A nominalist though is more likely to write:

(B) "The following turns into a true sentence no matter what words or phrases of the appropriate kind one may substitute for the letters S, M, P: 'if all S are M and all M are P, then all S are P'."

For the nominalist, the idea of "sentences" and "words" are much more "concrete" than the entities of "classes". So, based upon (B) we can see that a schema (or wff) is valid for the nominalist "just in case all substitution-instances of S in some particular formalized language L are true." Putnam believes that the logician wants to say more than this though. Validity should "mean that it is correct no matter what class-names may be substituted."

Putnam's desire to adopt (A) becomes more attractive when we see that the nominalist suggestion for validity (B) turns out to have a problem which mushrooms quickly. For if we adopt (B) we will not have one notion of validity but an infinite series of notions: validity in L1, validity in L2, validity in L3, etc. Since validity only relates to a particular formalized language L for the nominalist we must have different notions of validity for every type of language L used in logic. A most unwanted consequence.

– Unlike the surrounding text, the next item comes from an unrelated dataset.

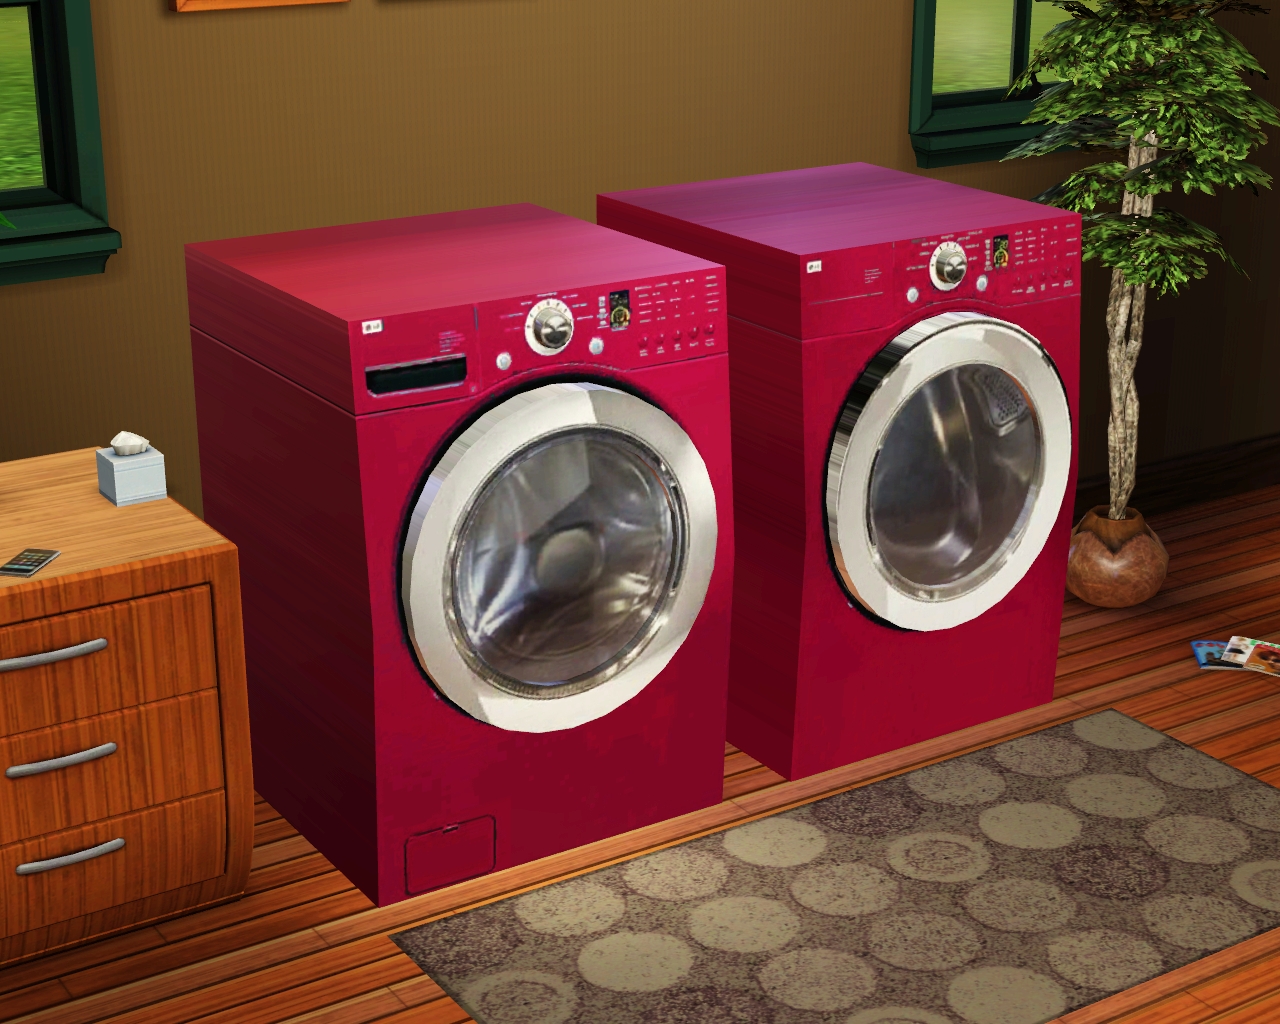 Washing Machine The Sims 4 nákup zdržanlivosť s časom washing machine sims 4 Vlak netrpezlivý bojler

We could avoid this maybe by stating "a schema is valid just in case all of its substitution-instances in every language L are true." But, as Putnam notes, it is highly questionable whether the notion of all possible formalized languages is any more "concrete" than the notion of "classes".

Is anybody else familiar with the nominalism-realism debate surrounding logical or mathematical entities? I would appreciate any helpful direction.

## 4 Comments:

One person is Hilbert, who put forward

formalism, the theory that holds that logic and mathematics are simply the manipulation of symbols, much akin to nominalism.I don't know how much research has been done on formalism lately.

I think formalism is still alive and well.

I am familiar with formalism and I will eventually try to address how the formalist would handle Putnam's criticism. What I am hoping to lead up to is Putnam's and Quine's "indispensability argument." I think that it is an extremely interesting argument given that Putnam and Quine fit into the nominalist camp, metaphysically speaking.

What exactly is Putnam's argument that infinitely many notions of validity is an "unwanted consequence"? Truth is defined analogously (i.e. with respect to a hierarchy of languages) and validity is simply a special case of truth. This has not jeapordized our understanding of truth.

Second, there is no reason to posit "all possible formalized languages". We simply say that schema S is valid if it is valid in *at least one* formal language L; i.e. it is L-valid.